• **Work to be completed**
Nothing but the lines from the one containing "Shirley Gorelick: Frida" through the end of the data below should appear in the answer, each exact and free of pictures.

• **Provided material**
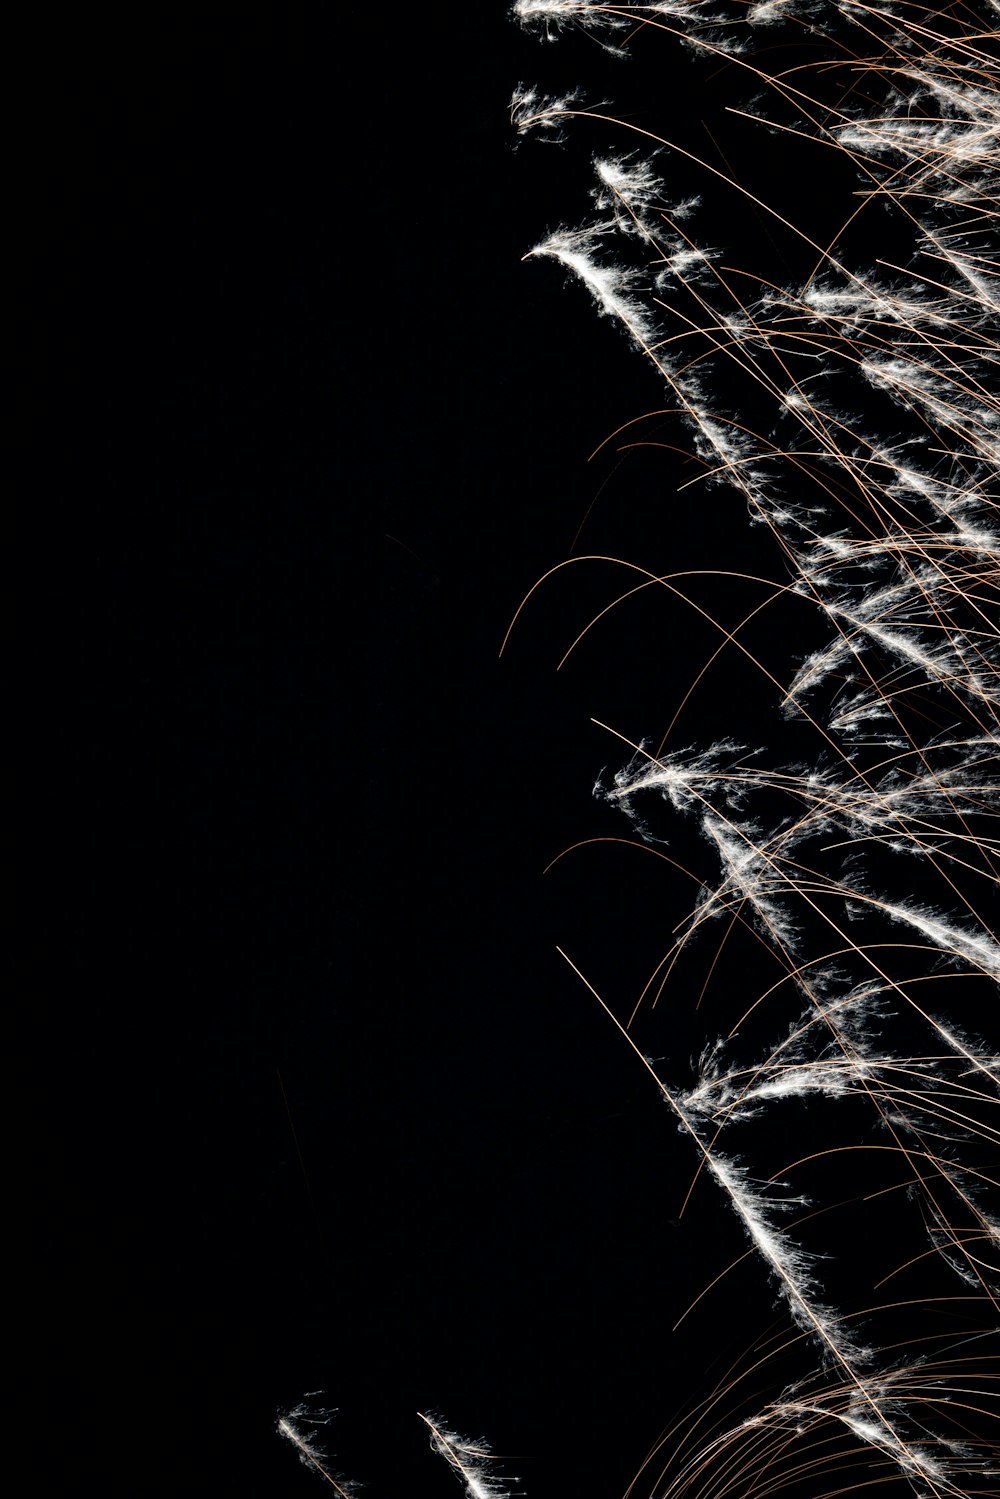 a long exposure of fireworks in the dark sky
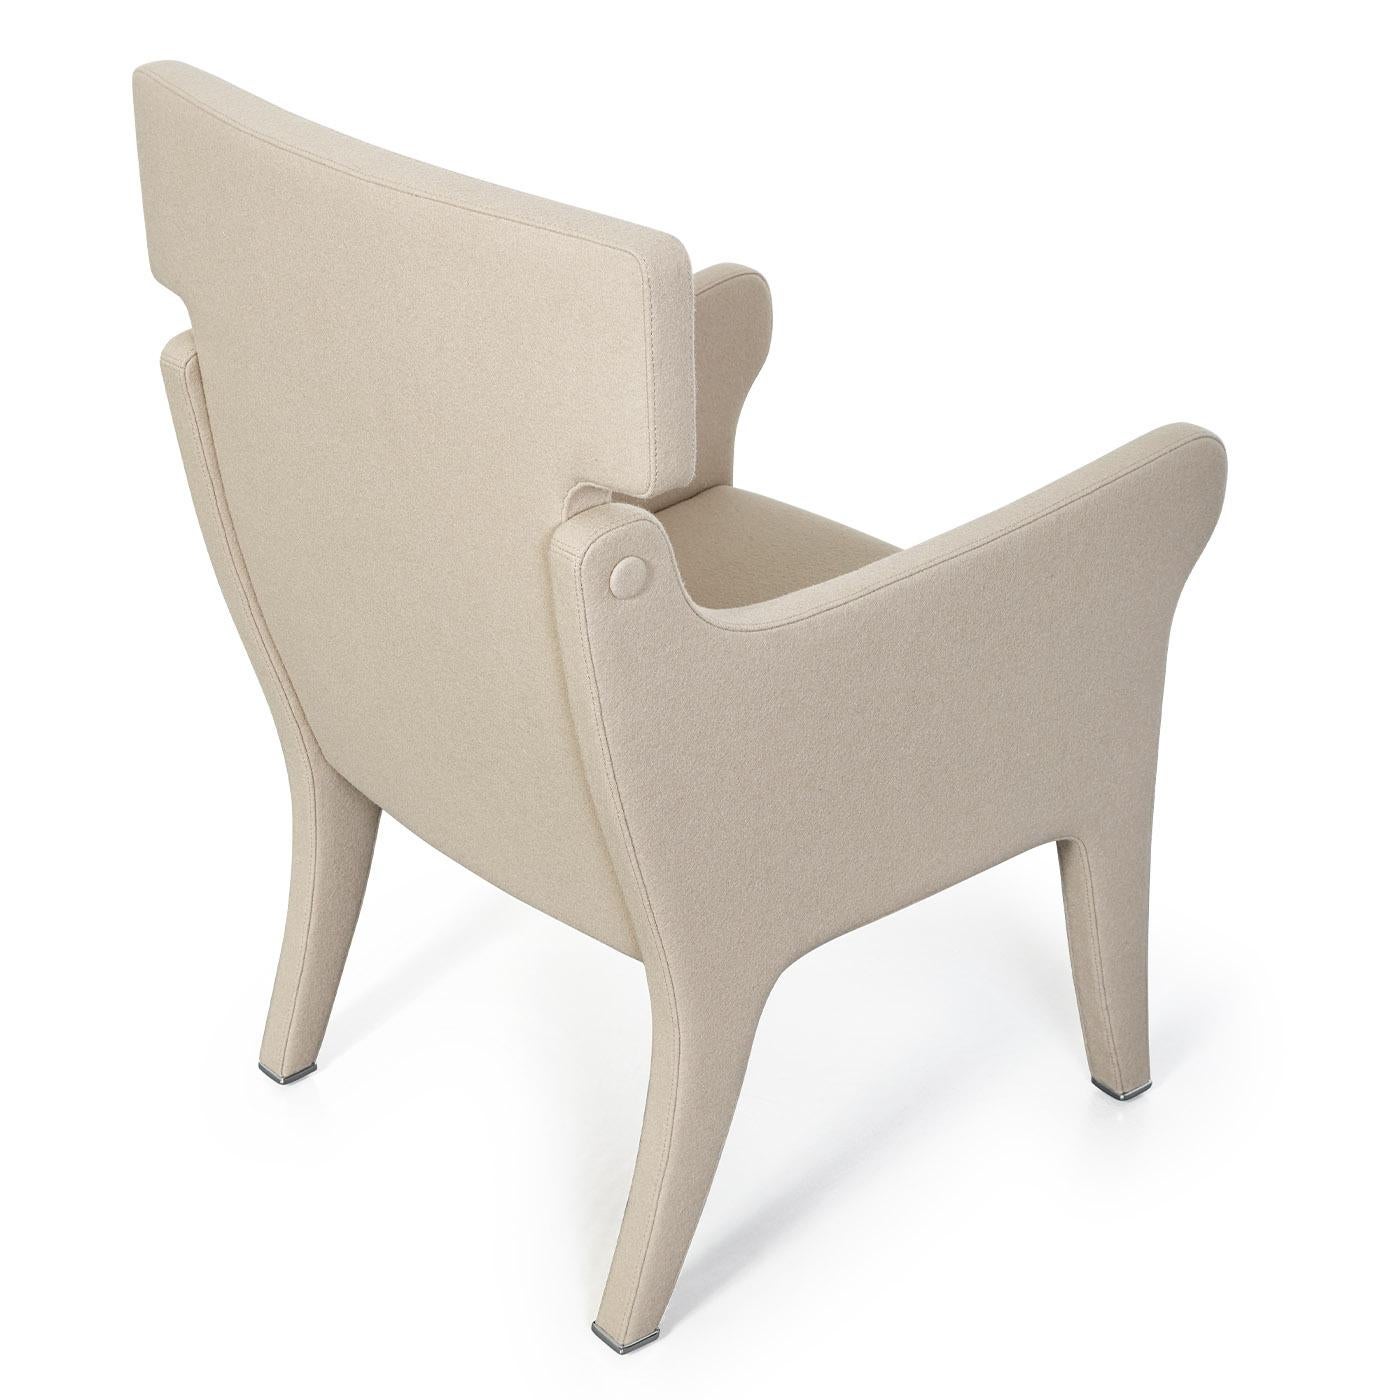 An exquisite design of iconic contemporary flair, this armchair by Ignazio Gardella is distinguished by a felt wool upholstery that covers its entire shape. Rendered in a cream-white tone also available in other hues, it features a rigid wooden
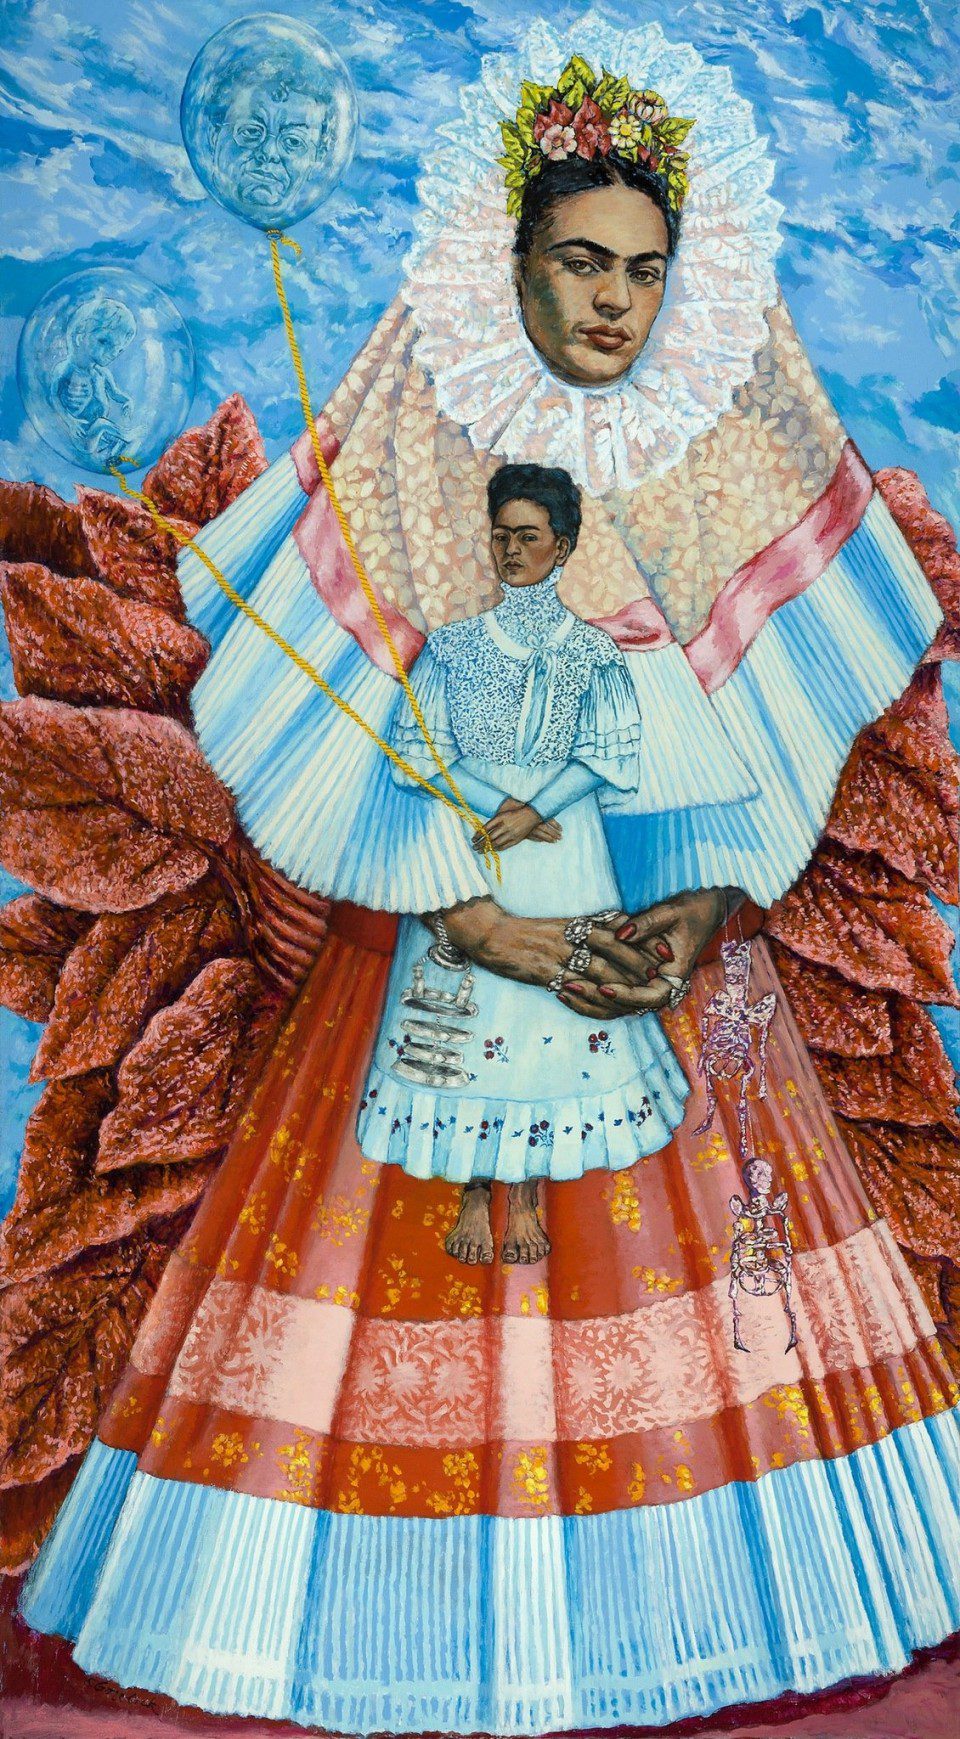 Shirley Gorelick: Frida Kahlo, 1976 Acrylic on canvas108 x 60 in. Rowan University Art Gallery, Gift of Jamie S. Gorelick(c) Shirley Gorelick Foundation (Photo: Karen Mauch Photography)
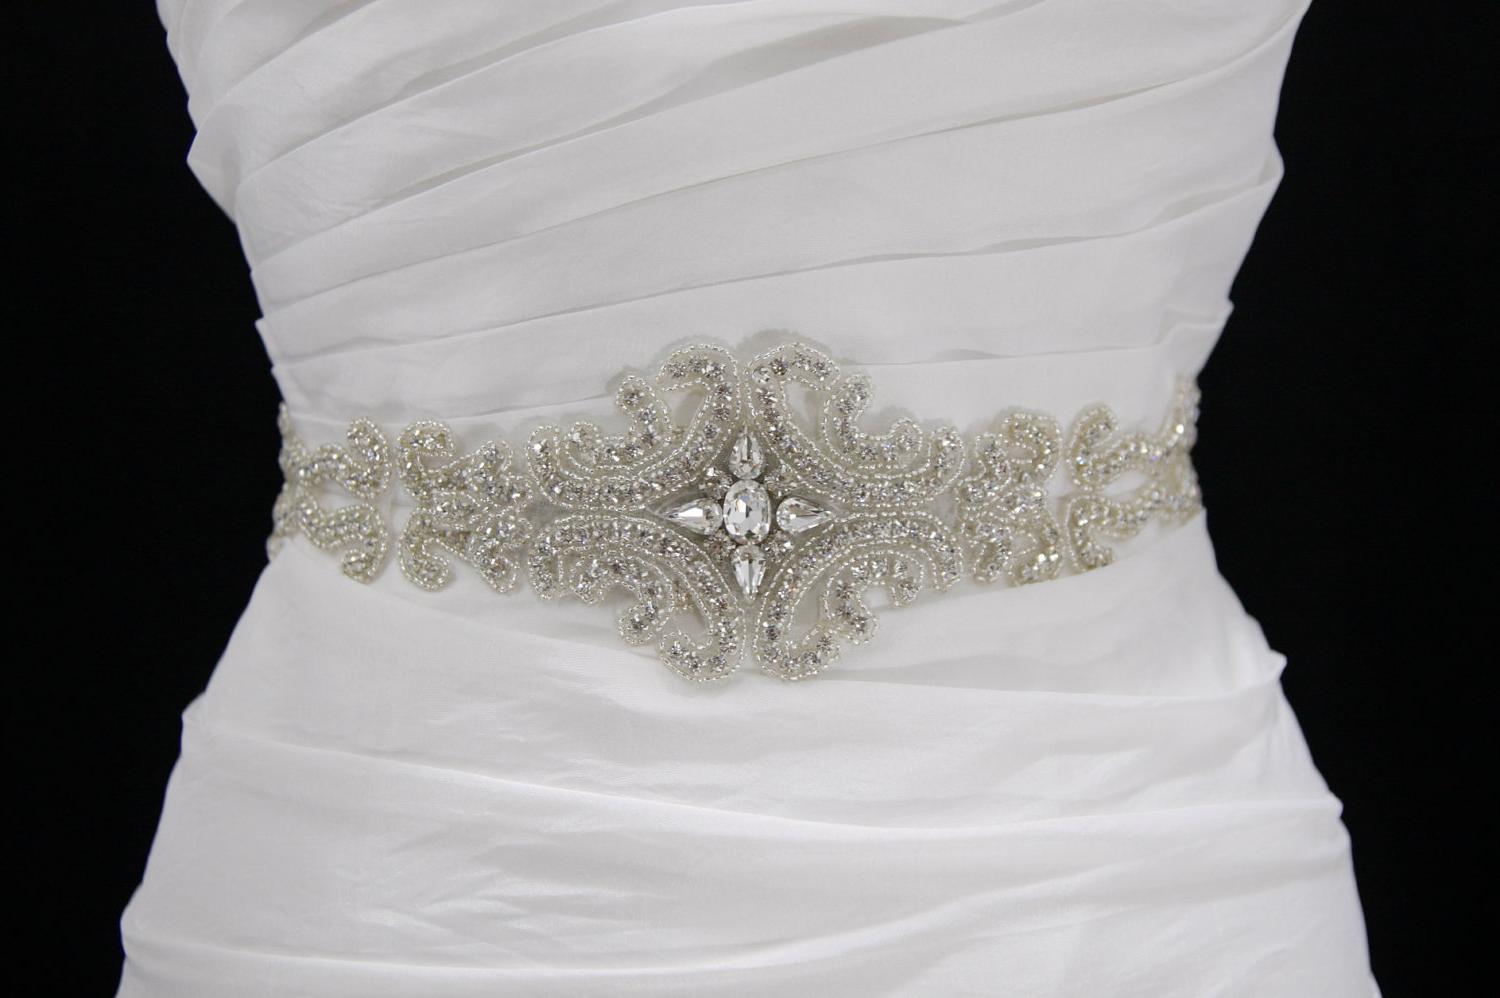 Couture Crystal Bridal Sash. From GlamHouse

• **The completed task**
 Shirley Gorelick: Frida Kahlo, 1976 Acrylic on canvas108 x 60 in. Rowan University Art Gallery, Gift of Jamie S. Gorelick(c) Shirley Gorelick Foundation (Photo: Karen Mauch Photography)
 Couture Crystal Bridal Sash. From GlamHouse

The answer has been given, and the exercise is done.